Azure IoT Edge For Linux On Windows, a technology in public preview, fixes these issues. It transparently spins up a Linux VM and runs Azure IoT Edge in the context of this Linux VM. Since the VM is transparent, customers continue to manage the Windows host as they would any other Windows device. Partners writing modules for Azure IoT Edge now only have to create and maintain Linux container versions of their modules since Azure IoT Edge now runs in a Linux environment, regardless of the OS used by the host.
Supporting features
The very large investments detailed above should not overshadow a handful of smaller point improvements that add critical functionality to Azure IoT Edge solutions.

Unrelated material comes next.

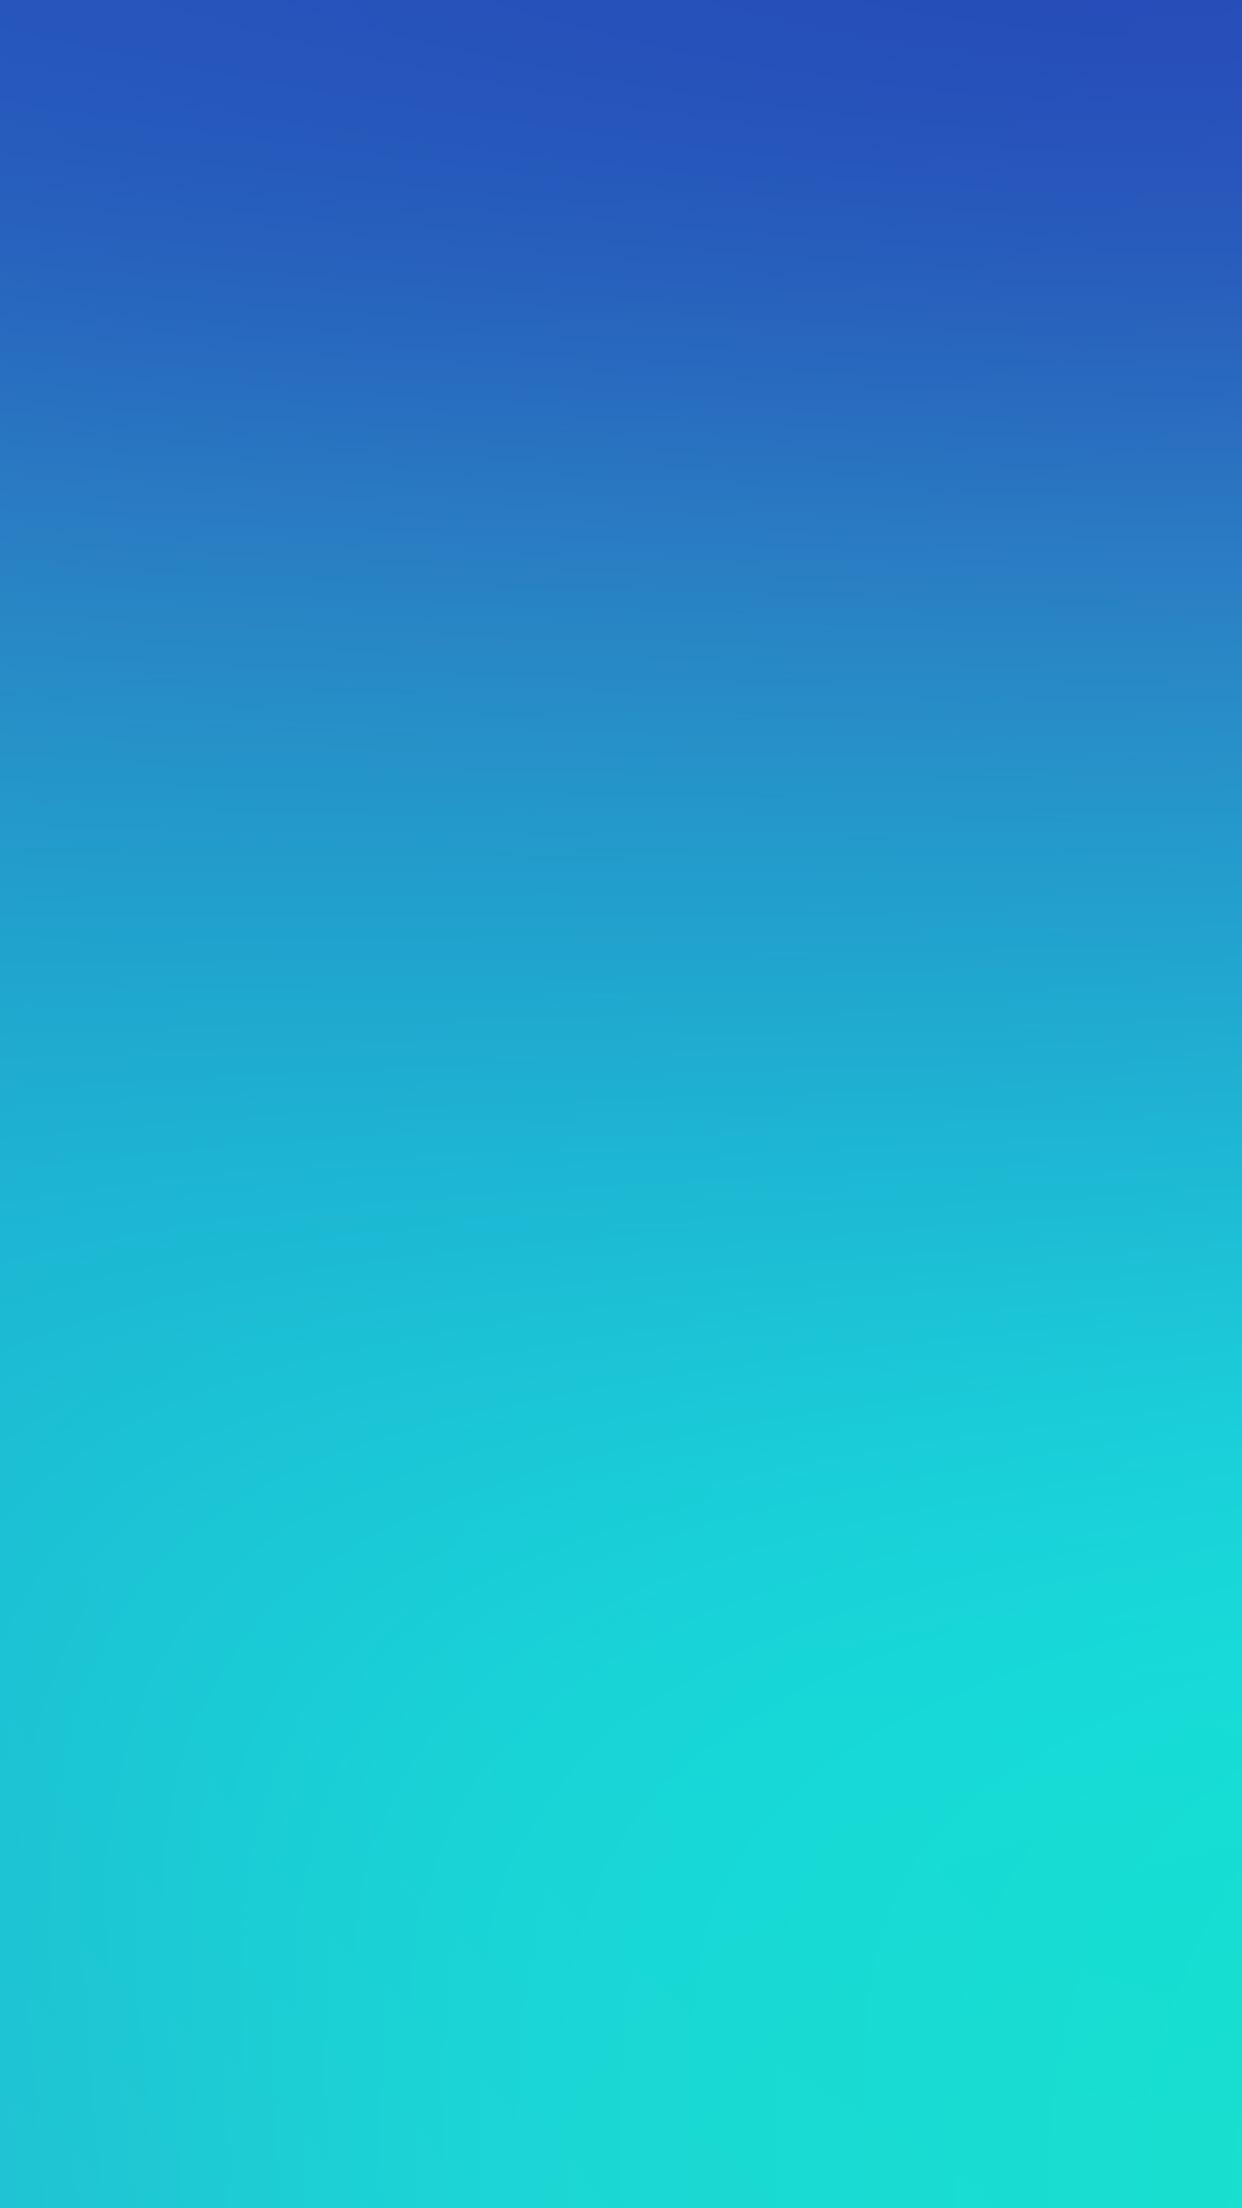 Cute Hd Wallpapers For Phone Si49 Blue Sky Blue Gradation Blur Wallpaper

- Message priority ensures that high priority messages are synced to the cloud before lower priority messages after a period of no connectivity.
- Module boot order provides information to the runtime used to try and start modules in a particular order. Please note, that this order is not binding (a module which is started first may take a while to initialize and a subsequent module could begin running before it). Module boot order also does not apply to restarts of individual modules (if the first module crashes, all subsequent modules continue to run and are not restarted with the failed module).
- Module twins now support arrays. This provides module authors to more data structures for syncing information in module twins and prevents them from (serializing/deserializing) arrays (into/out of) module twins.
The work produced by the IoT Edge team over the past year is nothing short of amazing. It’s even more impressive when one realizes that it was delivered under such stressful conditions. Lorenzo and I are truly grateful to lead such a talented and motivated team. Working with them has been a highlight in a year where so many people have struggled. We have many more great innovations coming this year, and we can’t wait to see the solutions our customers continue to build with Azure IoT Edge.